Slowenien, unterschätztes Paradies! Teil 1 / 3

Aktualisiert: 4. Mai 2019

Ein Roadtrip mit dem Dachzelt durch die Berge, ans Meer, zu wunderschönen Wasserfällen und den vielleicht beeindruckensten Höhlen Europas. #roadtrip #paradies #slowenien


Der erste Pass für unseren Renny in Slowenien

Tag 1 Die Anreise nach Slowenien:



Es ist Ende September und wir brechen zu unserer ersten Tour mit Auto und Dachzelt auf.

Ziel unserer Reise ist Slowenien. Vielleicht fragt ihr euch nun „Slowenien?“, so wie alle, denen wir von unserer Reise erzählt haben. Ob sich eine Reise dorthin lohnt, erfahrt ihr im folgenden Blog.


Leider dauert unsere Anreise auf Grund vieler Baustellen und etlicher Staus anstatt geplanter sieben Stunden, 11,5 Stunden. Erst spät am Nachmittag fahren wir durch den Karawankentunnel und erreichen endlich Slowenien.

Wir kommen zur Dämmerung an unserem ersten Ziel, der Stadt Bled an, freuen uns aber auf ein leckeres Abendessen und einen ersten Blick auf die beleuchtete Burg.


So ruhig wie hier ist es wohl nicht oft in der Burg von Bled

Tag 2 Pericnik Wasserfall und Vrsic Pass:



Heute starten wir zu einer Tagestour. Erste Station ist dabei eine Wanderung zum Pericnik Wasserfall. Dass man hinter dem tosenden Wasserfall von einer Seite zur anderen wandern kann, macht ihn zu etwas ganz besonderem. Also nichts wie rein in die Regenjacke und durch das kühle Nass auf die andere Seite. Zum Aufwärmen gibt es in der kleinen Hütte am Parkplatz einen heißen Kakao und dann geht es weiter in Richtung Vrsic-Pass.


Der Pericnik Wasserfall ist nur einer der vielen schönen Wasserfälle in Slowenien

Auf der Pass-Straße machen wir immer wieder halt um die Aussicht zu genießen und die kleine "russische Kapelle" zu besichtigen, welche zur Erinnerung an russische Kriegsgefangene im ersten Weltkrieg erbaut wurde, welche beim Bau der Straße von einer Lawine getötet wurden.
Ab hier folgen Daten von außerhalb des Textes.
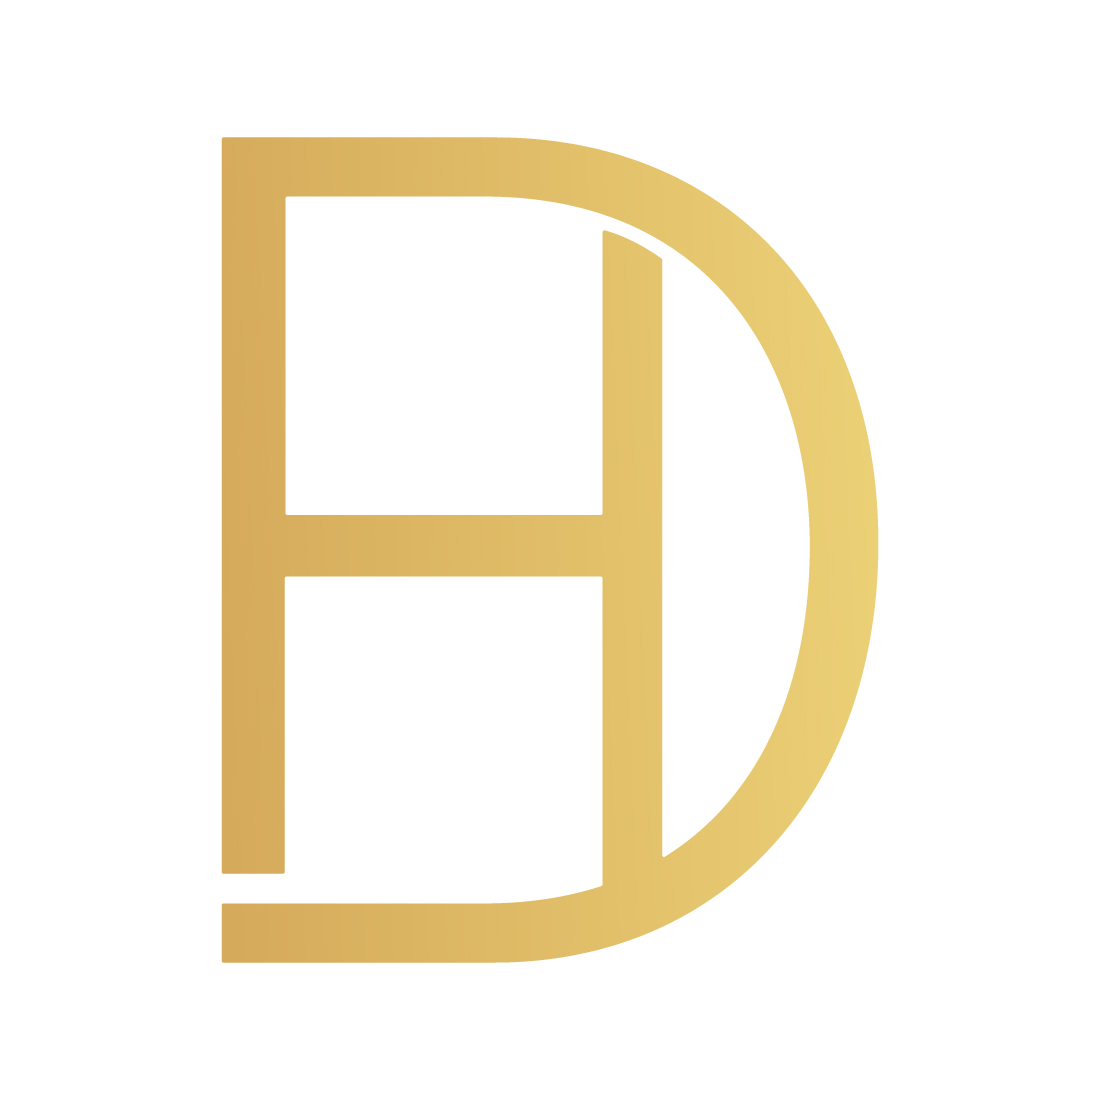 Luxury HD letters logo design vector images HD logo design golden color best icon DH logo design monogram best company identity preview image.

Die wolkenverhangenen Berge bieten zusammen mit dem herbstlich gefärbten Laub immer wieder neue Fotomotive.

Und so gelangen wir nach vielen Fotostopps auf die 1611 Meter hoch gelegene Passhöhe. Dort bietet sich uns der erste Blick hinein ins "Soca-Tal". Also fahren wir hinunter zur türkis leuchtenden Soca, die ein beliebtes Ziel für Kanufahrer und Wanderer ist. Wir folgen der sich am Ufer der Soca entlang schlängelnden Straße, bis hin zum Boka Wasserfall.

Leider wird es so langsam Zeit für den Rückweg, aber vorher gönnen wir uns eine unglaublich leckere Pizza (daran merkt man, dass Italien nur wenige Kilometer entfernt ist). Gestärkt fahren wir auf dem selben Weg wieder zurück nach "Bled" und hinauf zur Burg, um diese in der einbrechenden Dunkelheit zu erkunden.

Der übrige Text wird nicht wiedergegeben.